John Horton Conway (born 26 December 1937, died 11 April 2020) was an English mathematician. He developed new ideas in many branches of mathematics, notable, here, for the Conway polynomial of a knot, and for study of the Conway groups, $Co_{1}, Co_{2}, Co_{3}$, three of the sporadic finite simple groups.

I first met John Conway while he was manning a stall for the Archimedeans at the beginning-of-the-year student fair in the Guildhall in Cambridge. He was demonstrating a computer, built of string and meccano, that had to be fed ball-bearings. I think it was 1957.

One of the first mathematical lollipops he showed me was a very slick proof that a triangle of nonzero area whose sides were in rational proportion and whose angles were in rational proportion must be equilateral. Hint: the cyclotomic field of $N$-th roots of unity has $\phi(N)$ automorphisms. But ruler-and-compass construction shows that there can only be 2 triangles with given sides. So $N$ has to be 3 times a power of 2.

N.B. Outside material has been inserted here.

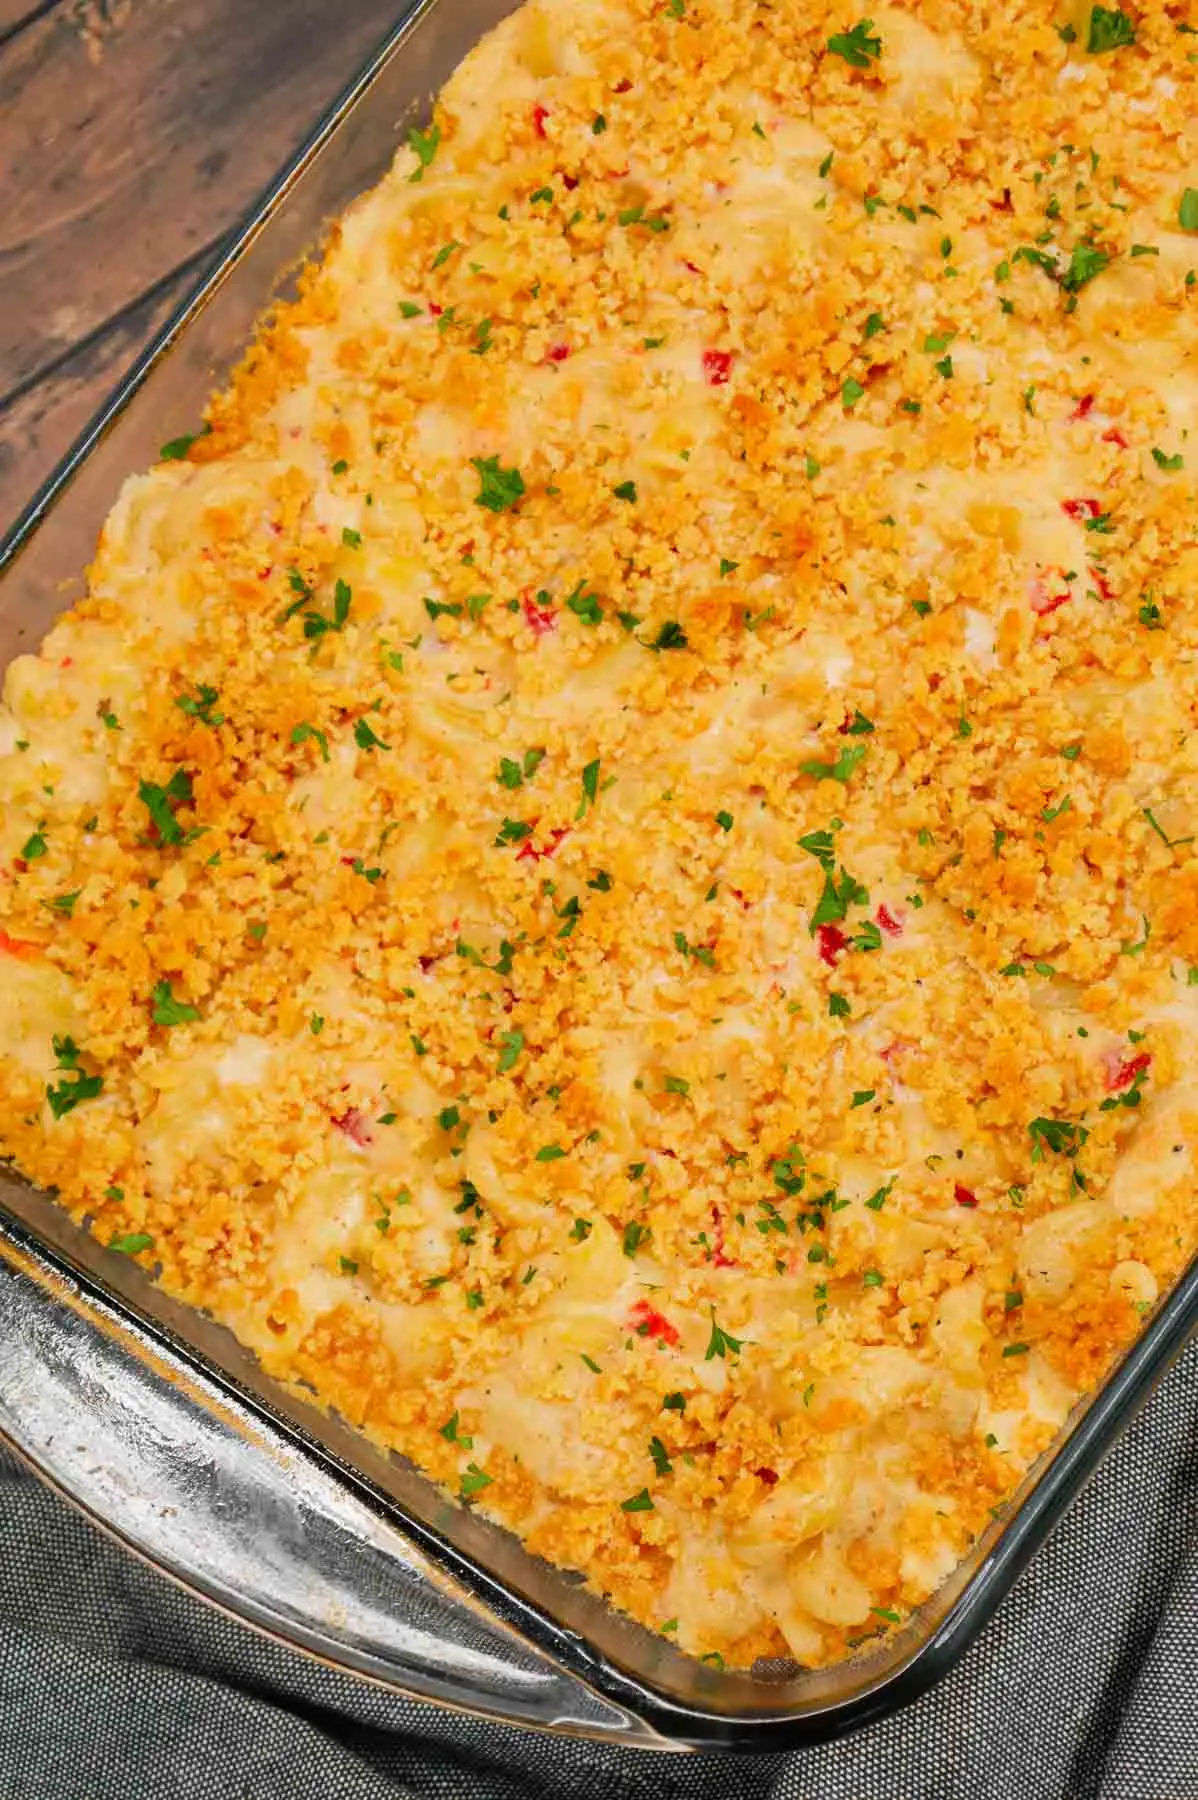 Pimento Mac and Cheese is a delicious creamy pasta recipe loaded with white cheddar, cream cheese and diced pimentos and baked with a buttery Ritz cracker topping.

In those days it was knots and sphere-packing. Later came games. For years he had a running exchange of puzzles with someone in the North of England who made them as toys. He was very hands-on: popper beads for demonstrating knots and links, and strange wooden devices for calculating the touching-graph of circle-packings using pennies and a ruler to shove them up tight.

The last time I saw him not in the Mill Lane maths department tearoom he was tiling his kitchen floor with Penrose kites and darts. My mother used to babysit his daughters. Some of the faculty at Cambridge thought that he was a disturbing influence on their students; not serious enough.